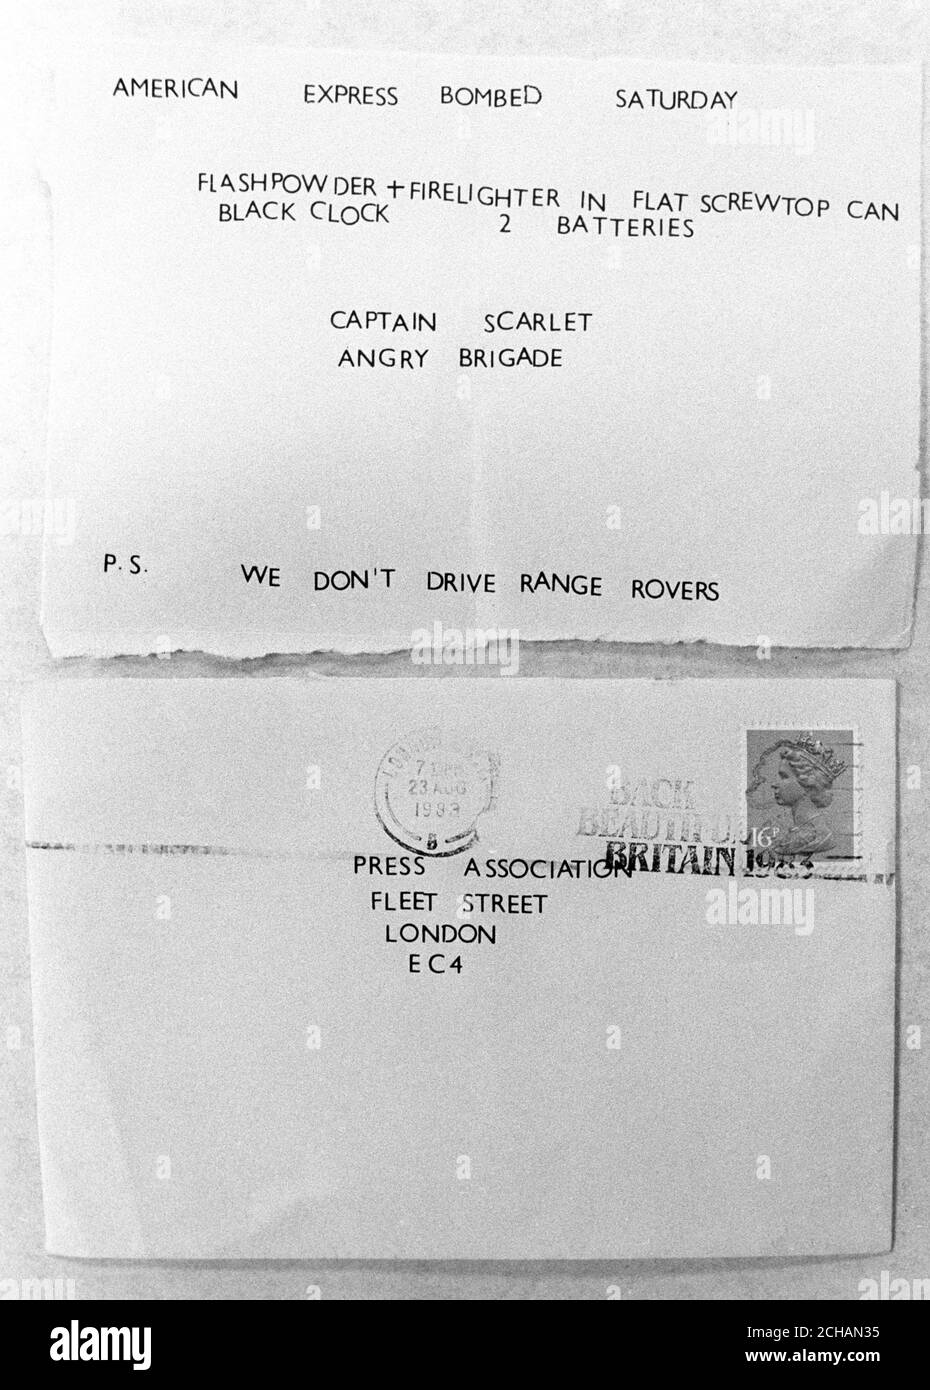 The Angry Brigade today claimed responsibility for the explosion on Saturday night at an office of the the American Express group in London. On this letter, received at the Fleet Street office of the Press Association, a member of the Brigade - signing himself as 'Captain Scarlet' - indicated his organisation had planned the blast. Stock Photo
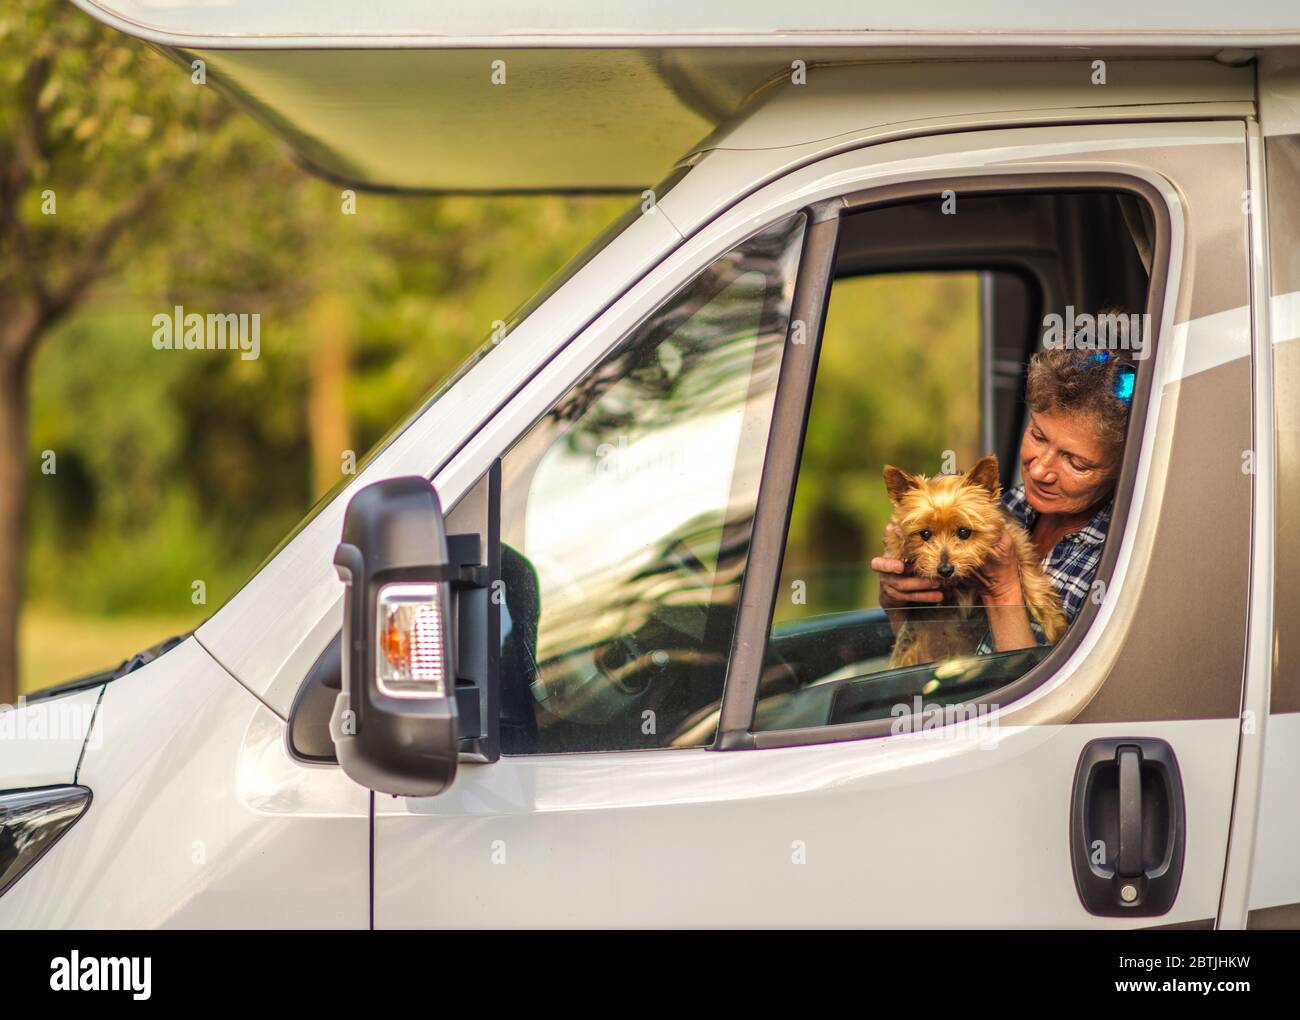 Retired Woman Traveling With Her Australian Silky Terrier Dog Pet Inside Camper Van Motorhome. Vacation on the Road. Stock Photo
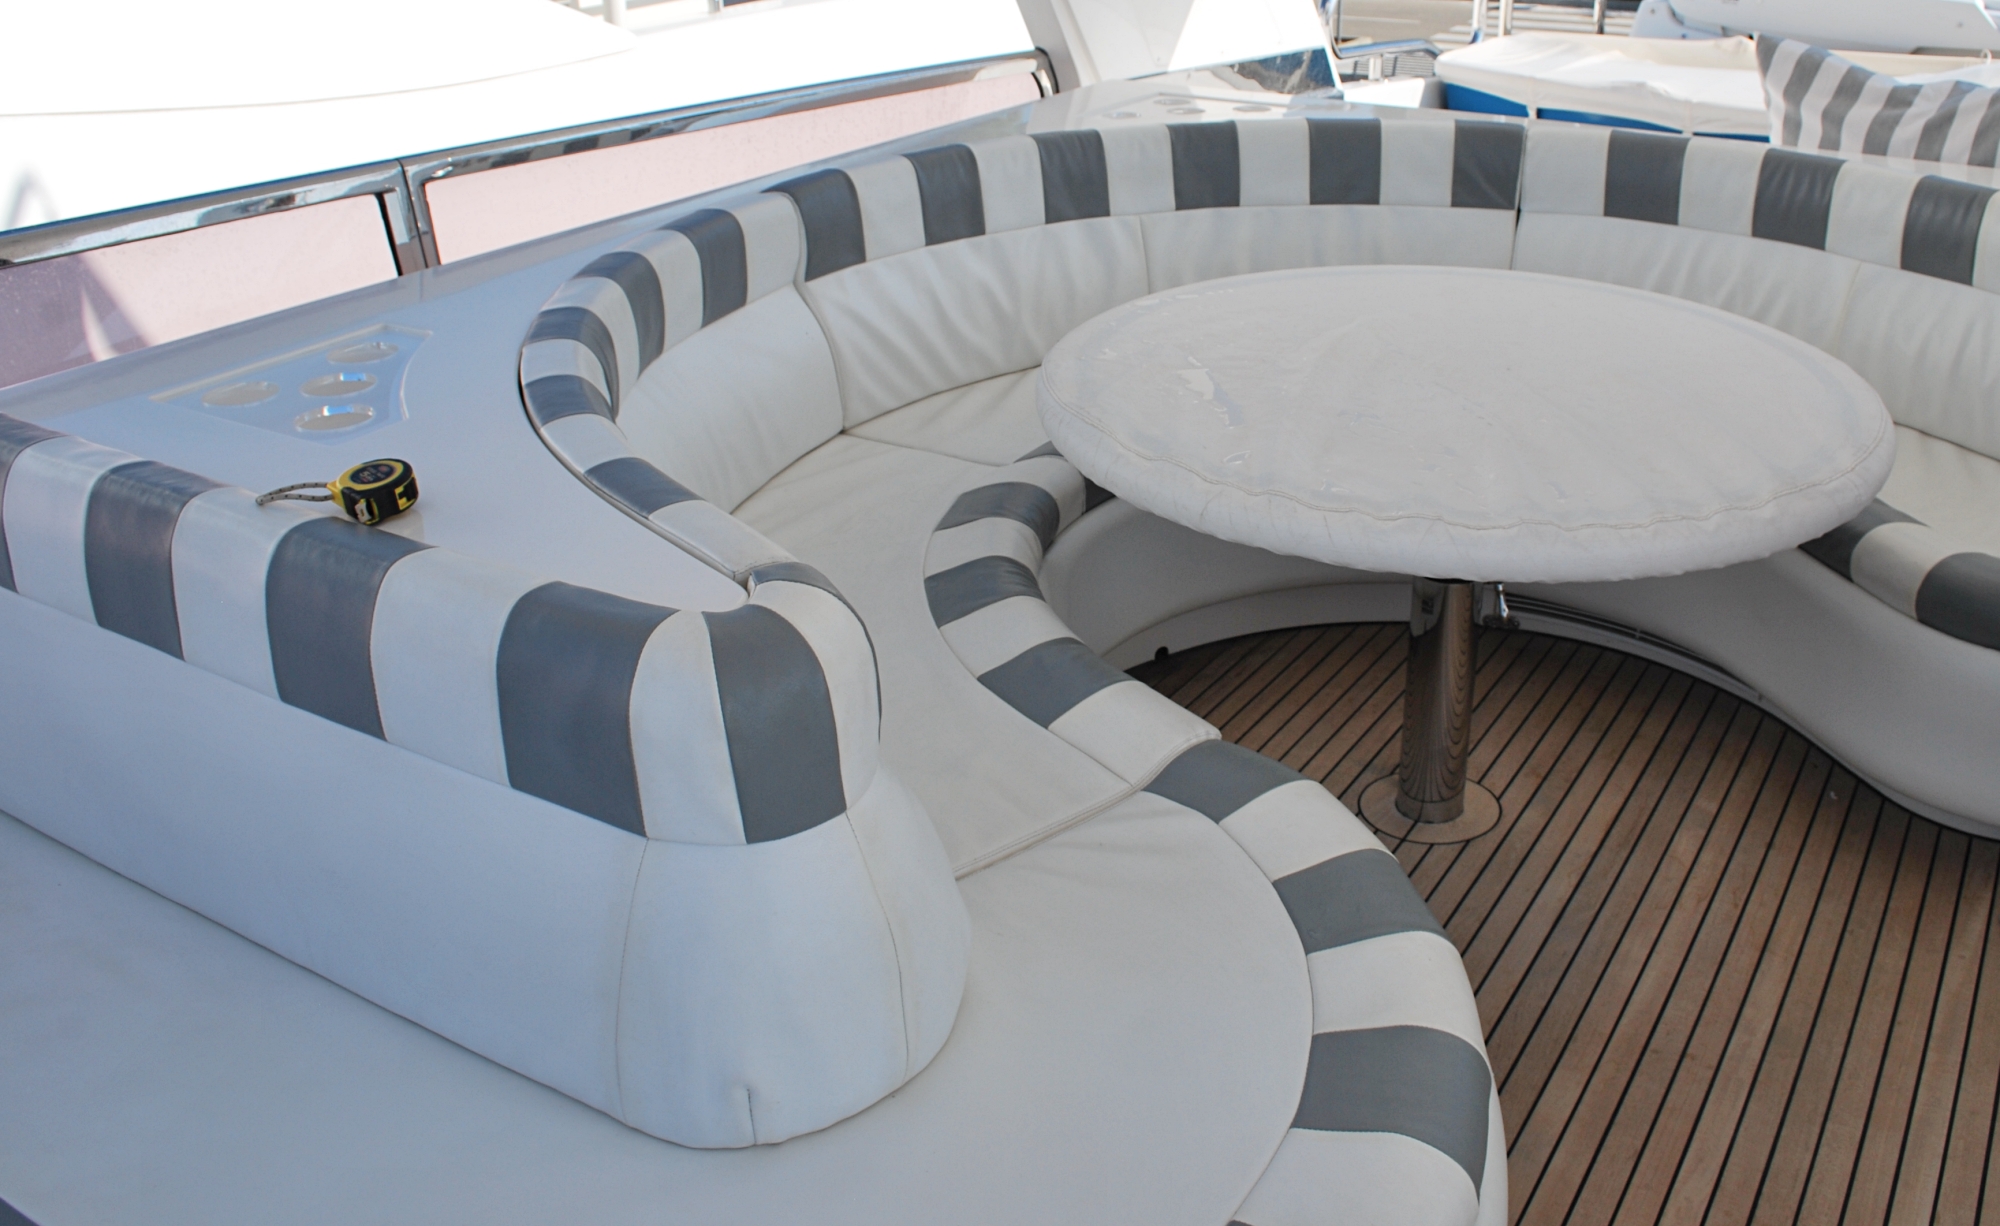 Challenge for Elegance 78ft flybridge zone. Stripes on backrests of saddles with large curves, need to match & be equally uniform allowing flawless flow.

==

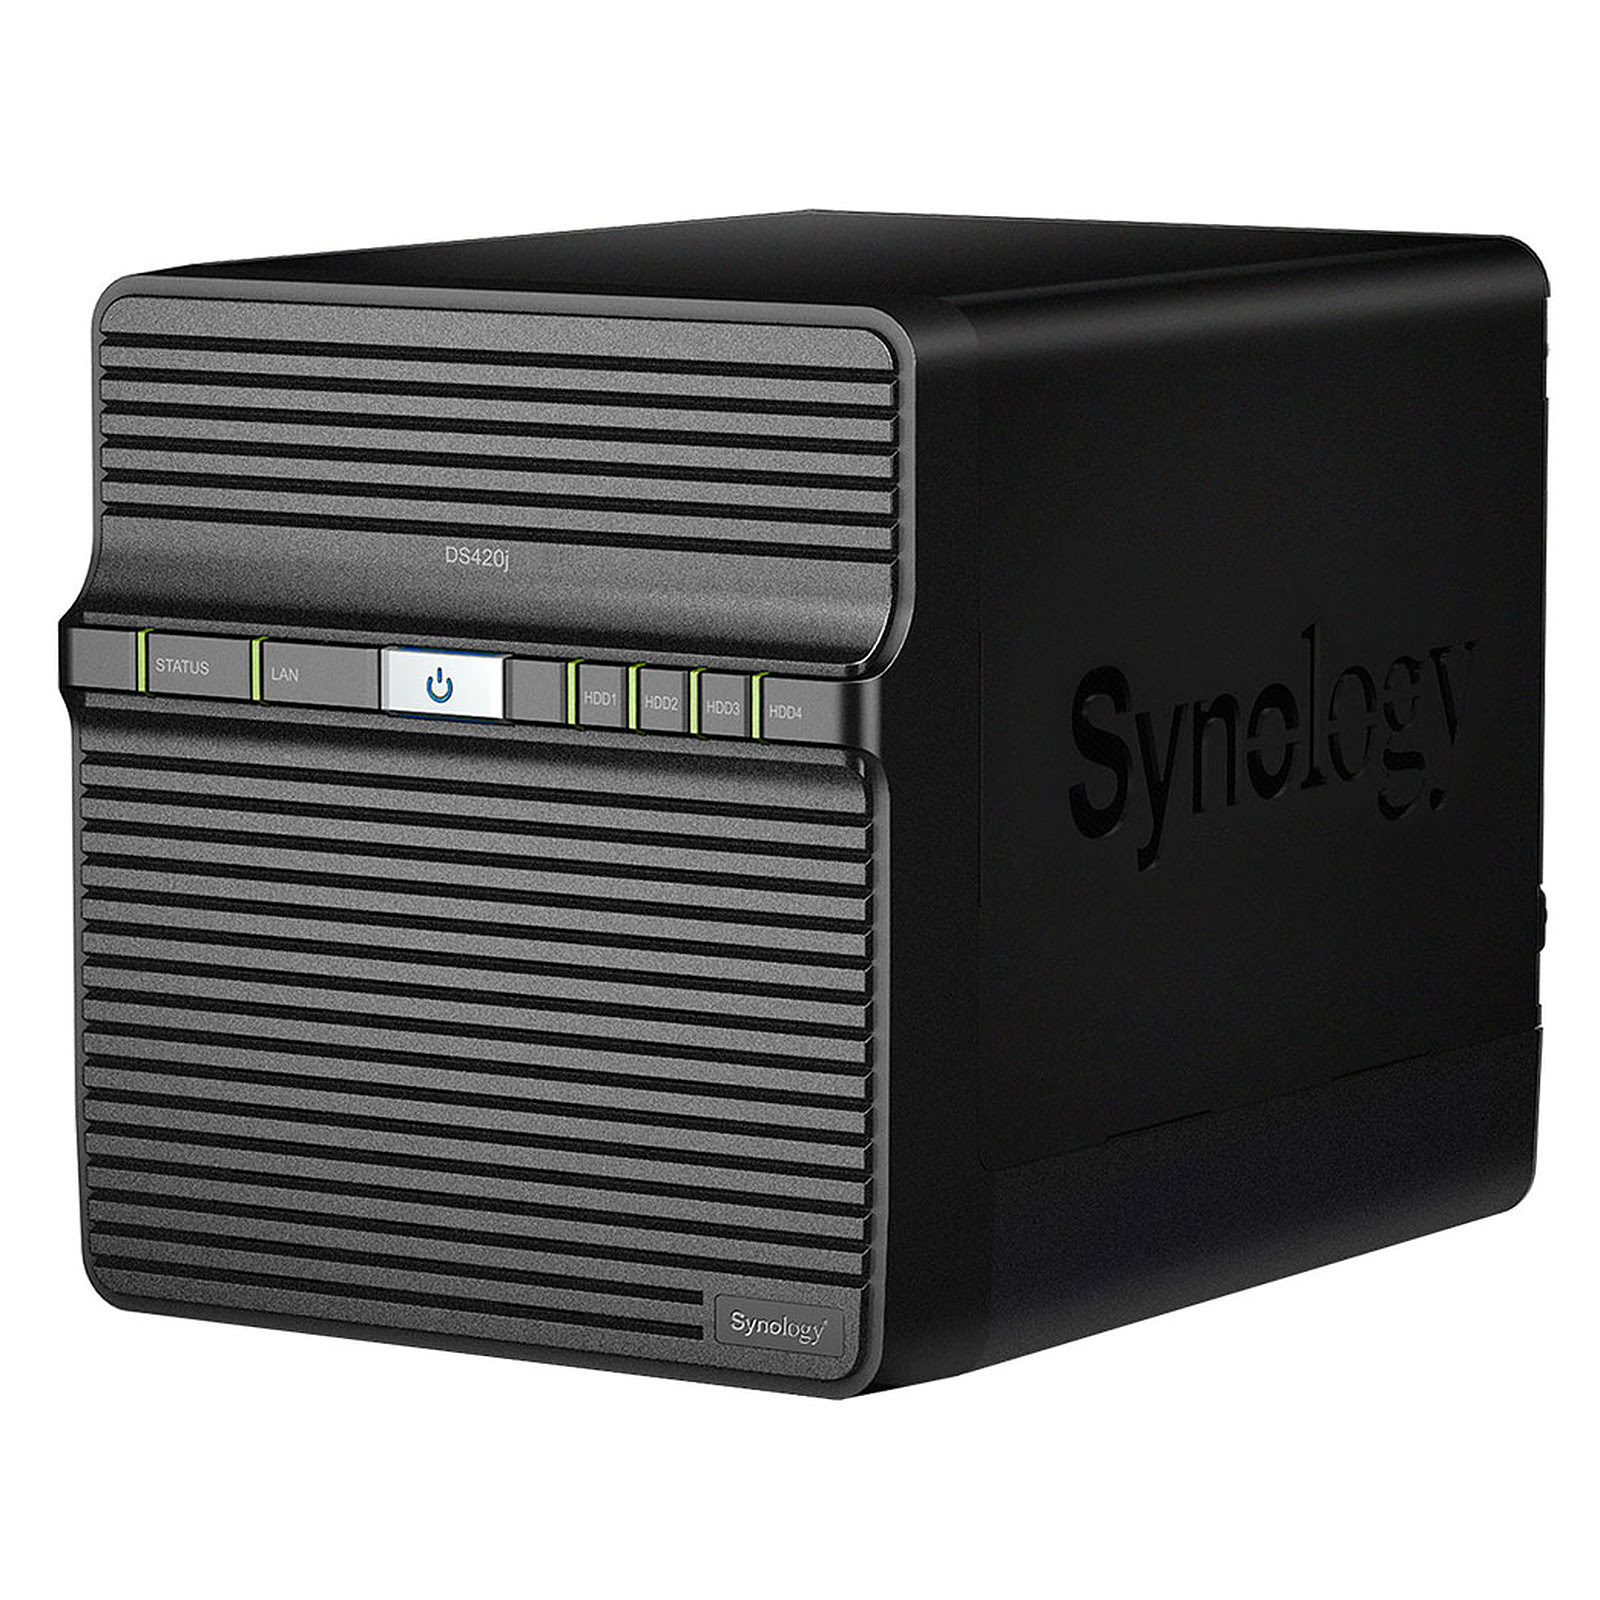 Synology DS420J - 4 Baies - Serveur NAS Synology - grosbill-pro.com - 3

...

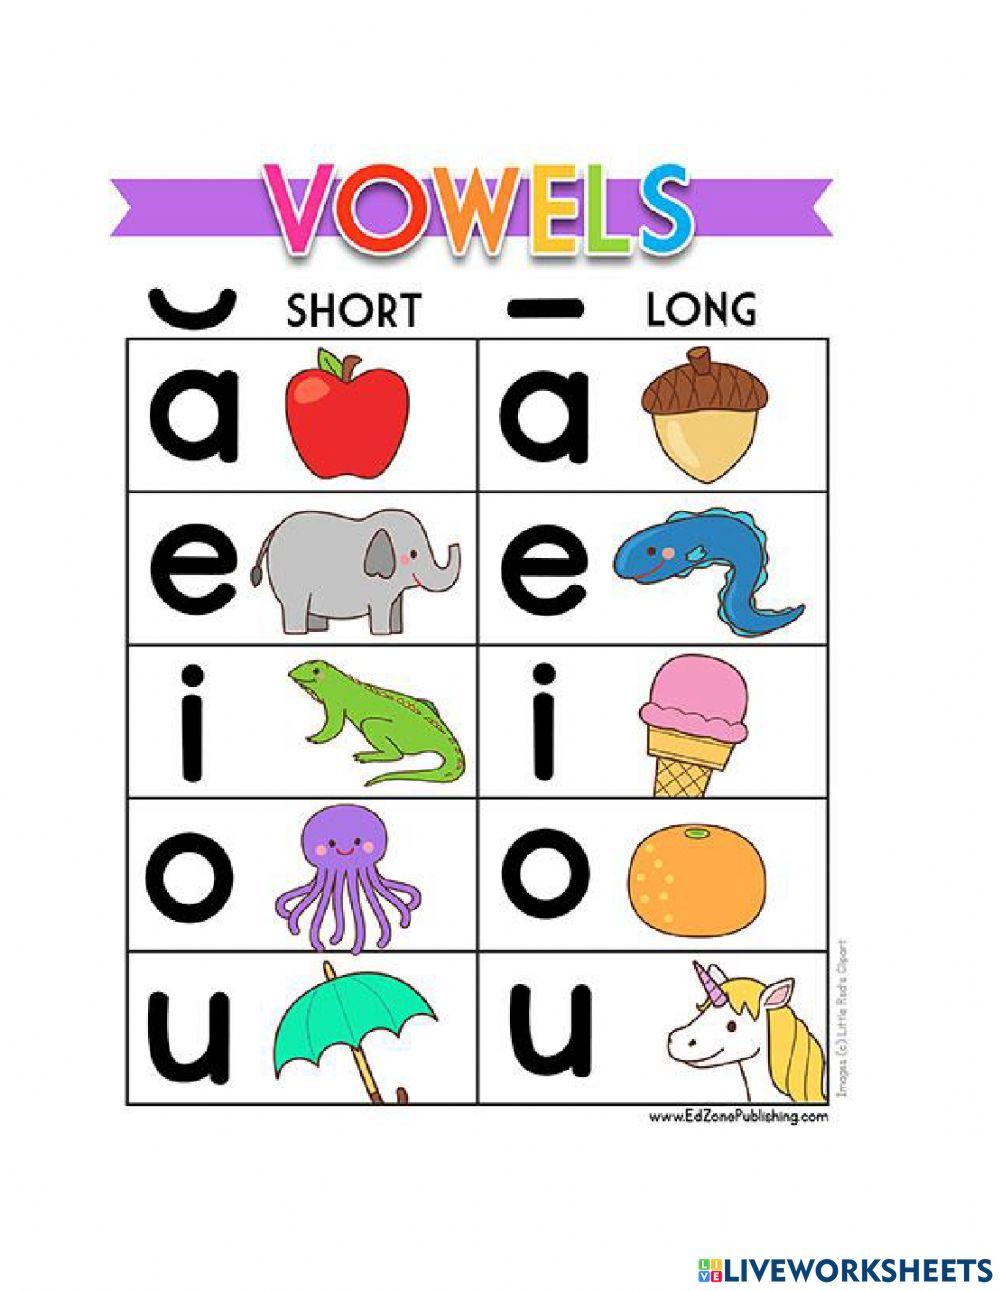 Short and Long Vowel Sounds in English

To do -
Within the listing above, print exactly the stretch beginning at the line that contains "The Angry Brigade" and finishing at the line that contains "Challenge for Elegance", ends kept, pictures left out, and nothing more.

Problem solution -
 The Angry Brigade today claimed responsibility for the explosion on Saturday night at an office of the the American Express group in London. On this letter, received at the Fleet Street office of the Press Association, a member of the Brigade - signing himself as 'Captain Scarlet' - indicated his organisation had planned the blast. Stock Photo
 Retired Woman Traveling With Her Australian Silky Terrier Dog Pet Inside Camper Van Motorhome. Vacation on the Road. Stock Photo
 Challenge for Elegance 78ft flybridge zone. Stripes on backrests of saddles with large curves, need to match & be equally uniform allowing flawless flow.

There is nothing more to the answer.